Case ID: f_253/html/0990-05.html
Source: Caselaw Access Project
Author: {"author": "HOOK,. Circuit Judge.", "license": "Public Domain", "url": "https://static.case.law/"}
Date Created: 2024-08-24T03:29:51.129683

SKINNER, Internal Revenue Collector, v. DE WITT.
    (Circuit Court of Appeals, Eighth Circuit.
    October 28, 1918.)
    No. 5014.
    In Error to the District Court of the United States for the District of Colorado; James D. Elliott, Judge. Action by Herbert M. De Witt against Mark A. Skinner, Collector of Internal Revenue, etc., to recover taxes, etc., assessed under Act May 9, 1902, § 4, against plaintiff as a manufacturer of adulterated butter. There was a judgment for plaintiff and defendant brings error.
    Affirmed.
    Harry B. Tedrow, U. S. Atty., of Denver, Colo. (John A. Gordon, Asst. U. S. Atty., of Denver, Colo., on the brief), for plaintiff'in error. James J. McFeeiy of Denver, Colo., for defendant in error.

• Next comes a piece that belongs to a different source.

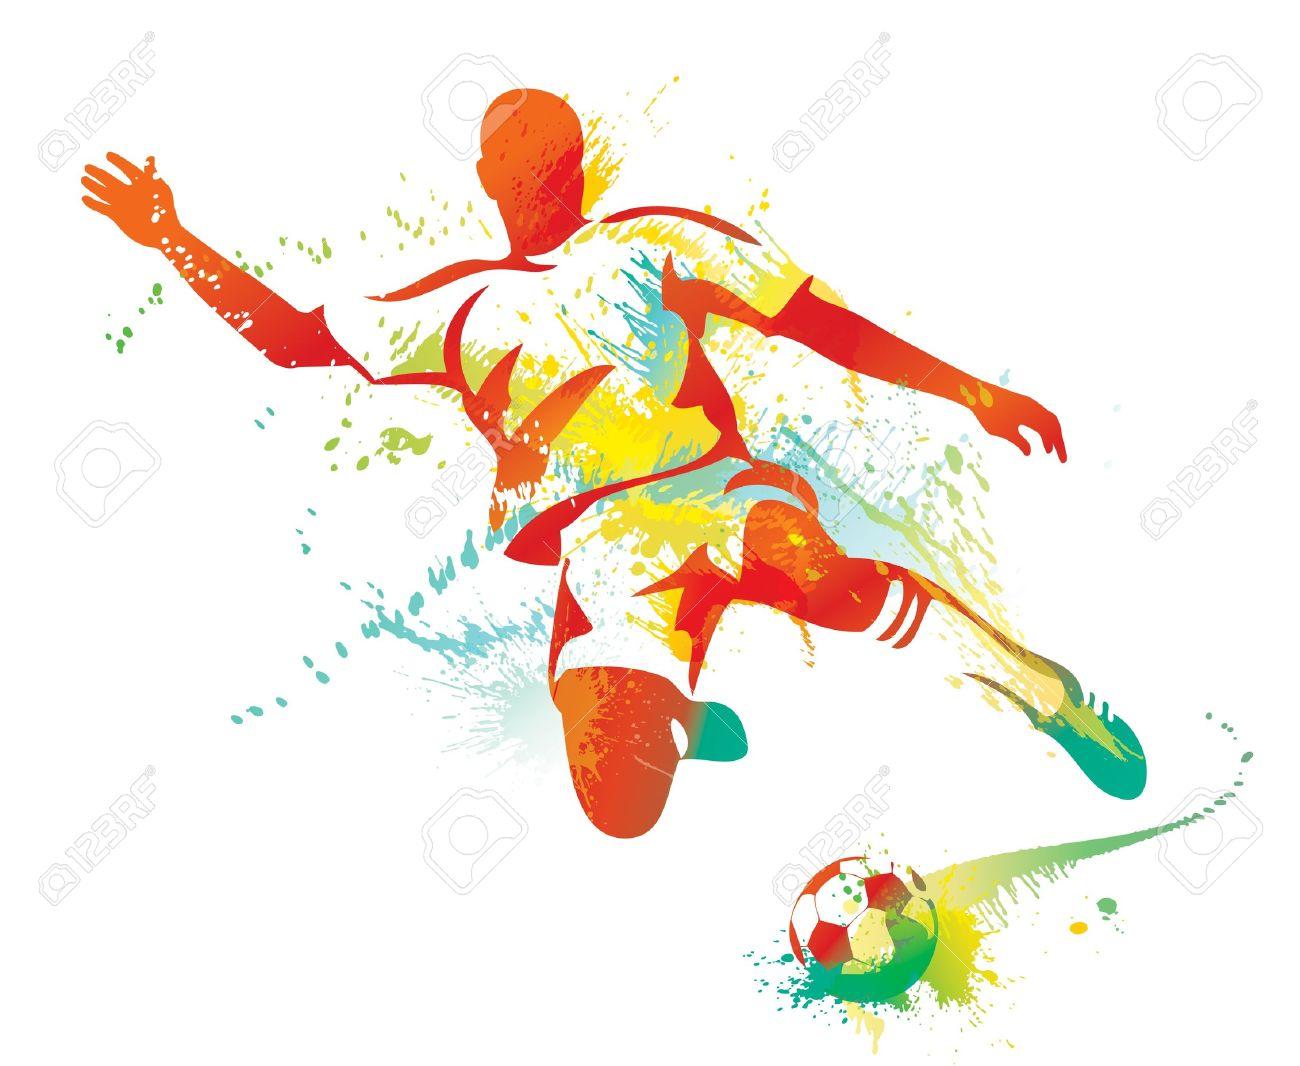 Soccer player kicks the ball. Vector illustration. - 10737678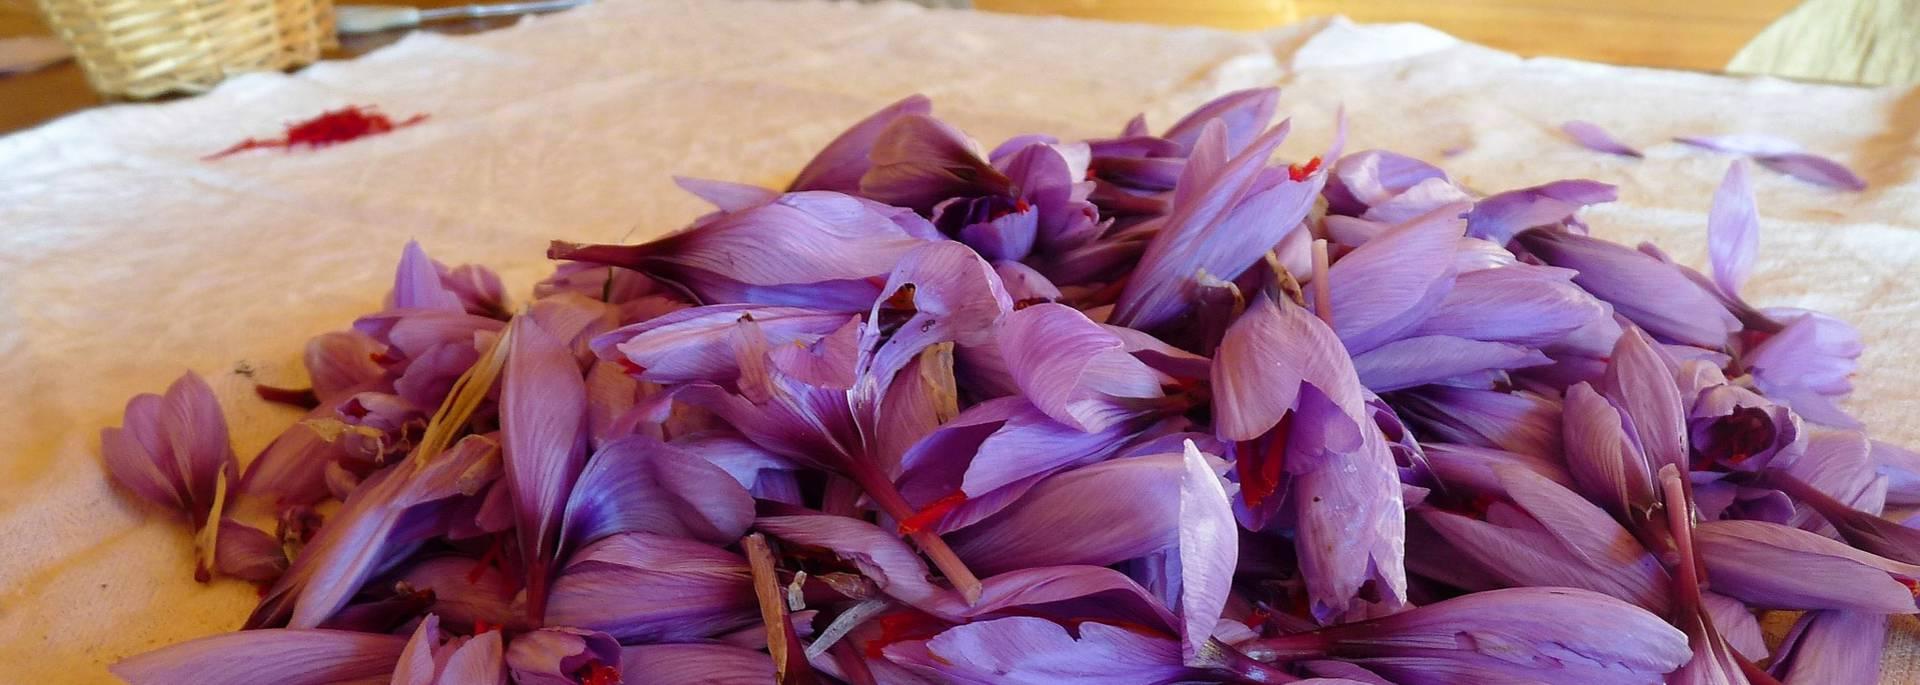 Fleurs de safran en Pays Bigouden © G Mazingue

    Before HOOK and OAKLAND, Circuit Judges, and AMID ON, District Judge.
   HOOK,. Circuit Judge.

This is an action by De Witt to recover of the collector of internal revenue taxes, penalties, and interest assessed against him as a manufacturer of adulterated butter and paid under protest. The issue of fact was whether his use of a small quantity of lime in a large vat of water in which particles of butter were softened was “for the purpose or with the effect” of removing rancidity from the butter. Act May 9, 1902, c. 784, § 4, 32 Stat. 194. A judgment upon a former trial was reversed by this court. 146 C. C. A. 437, 232 Fed. 443. At the second trial the jury fouhd for the plaintiff, and this writ of error is directed to the judgment in his favor. The request of the collector, tbe defendant, for an instructed verdict, was properly denied. There was substantial evidence to support the verdict that followed. The trial court had no doubt of it on motion for a new trial, nor have we. We also think that the assignments of error upon the admission and rejection of certain evidence are so clearly without merit that they need not be discussed. The judgment is affirmed.